Quanergy is the latest company developing LiDAR technology - which uses laser beams to help generate a three-dimensional map of the road - to turn to a special-purpose acquisition company (SPAC) to go public.

Others that have done so include Peter Thiel-backed Luminar Technologies Inc and AEye Inc.

The SPAC deal values Quanergy at $1.1 billion, and the transaction is expected to close in the second half of 2021, the company said in a news release.

Reuters first reported the company's plan to go public on Monday.

CCAC raised around $240 million in an IPO on the New York Stock Exchange in February 2020. It is sponsored by CITIC Capital Holdings Limited, which is backed by CITIC Group, China’s largest investment conglomerate.

Under the proposed SPAC deal, Quanergy shareholders would own about 72% of the combined company, while SPAC shareholders would own around 20%, with most of the remainder going to outside investors.
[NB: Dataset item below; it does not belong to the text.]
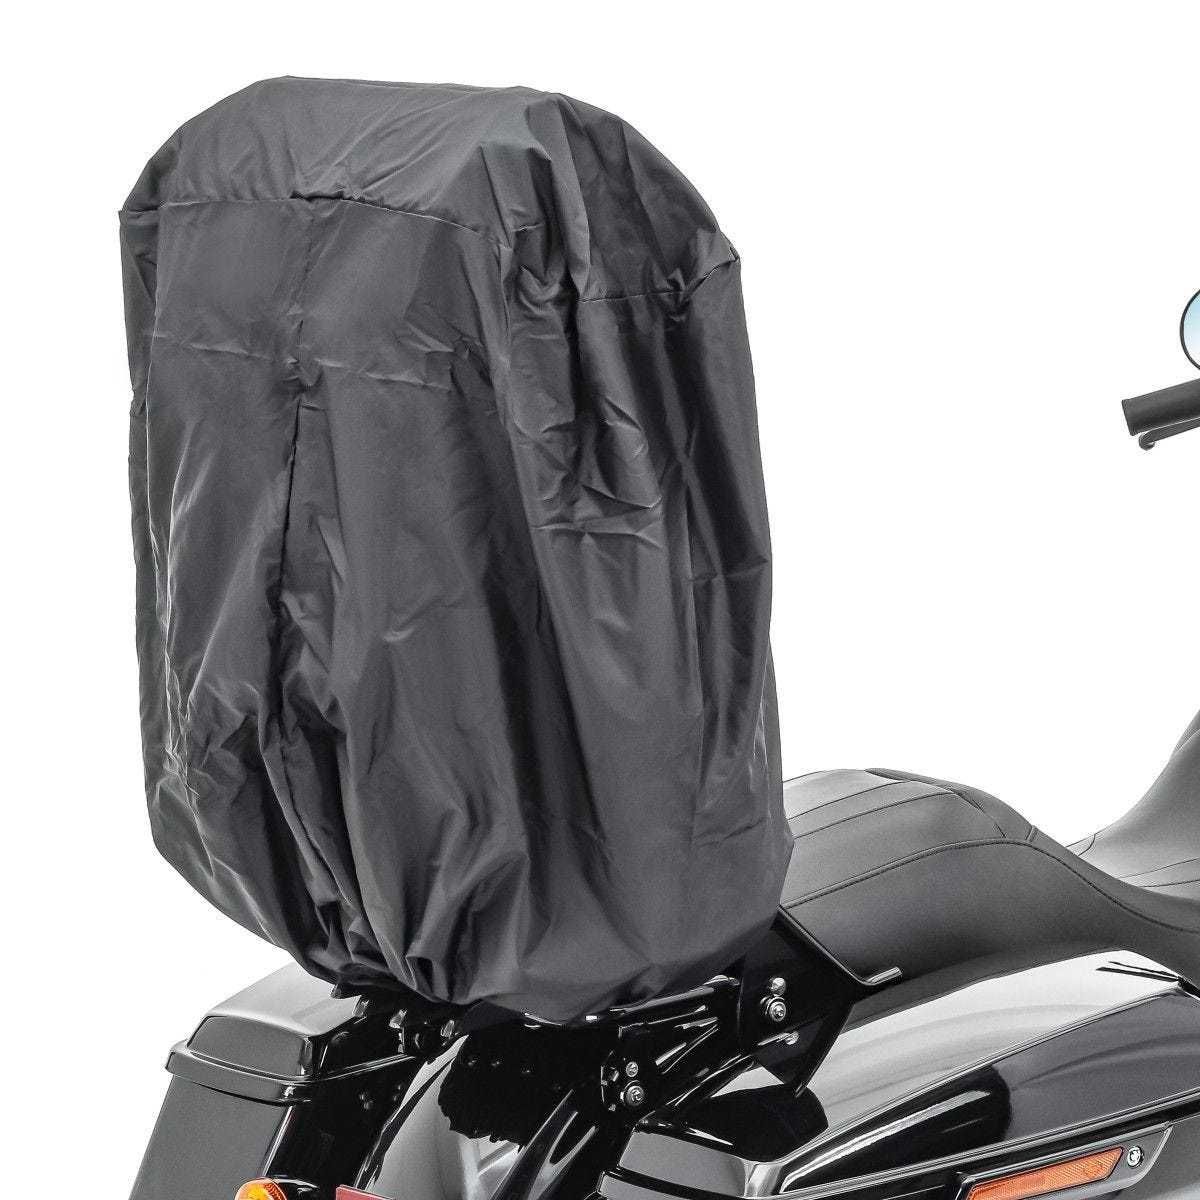 Geanta moto Sissy Bar Bag Craftride cu roll bag codita culoare negru

Sunnyvale, California-based Quanergy, founded in 2012, said it is the only major LiDAR provider to use Optical Phased Array (OPA) technology, which reduces movable parts and which the company said is better for the requirements of the automotive industry.

"The OPA technology is very unique, and is essential for high-volume, low-cost, high-performance, high-reliability markets," Quanergy CEO Kevin Kennedy told Reuters. "But in the near term, the largest markets are really the internet of things (IoT) - so the industrial markets, robots, smart cities, and security.

"What we're trying to do is make sure that we use the IoT market as a bridge to the volumes of automotive that really come on strong in the second half of the decade," Kennedy said. "So the capital infusion is important."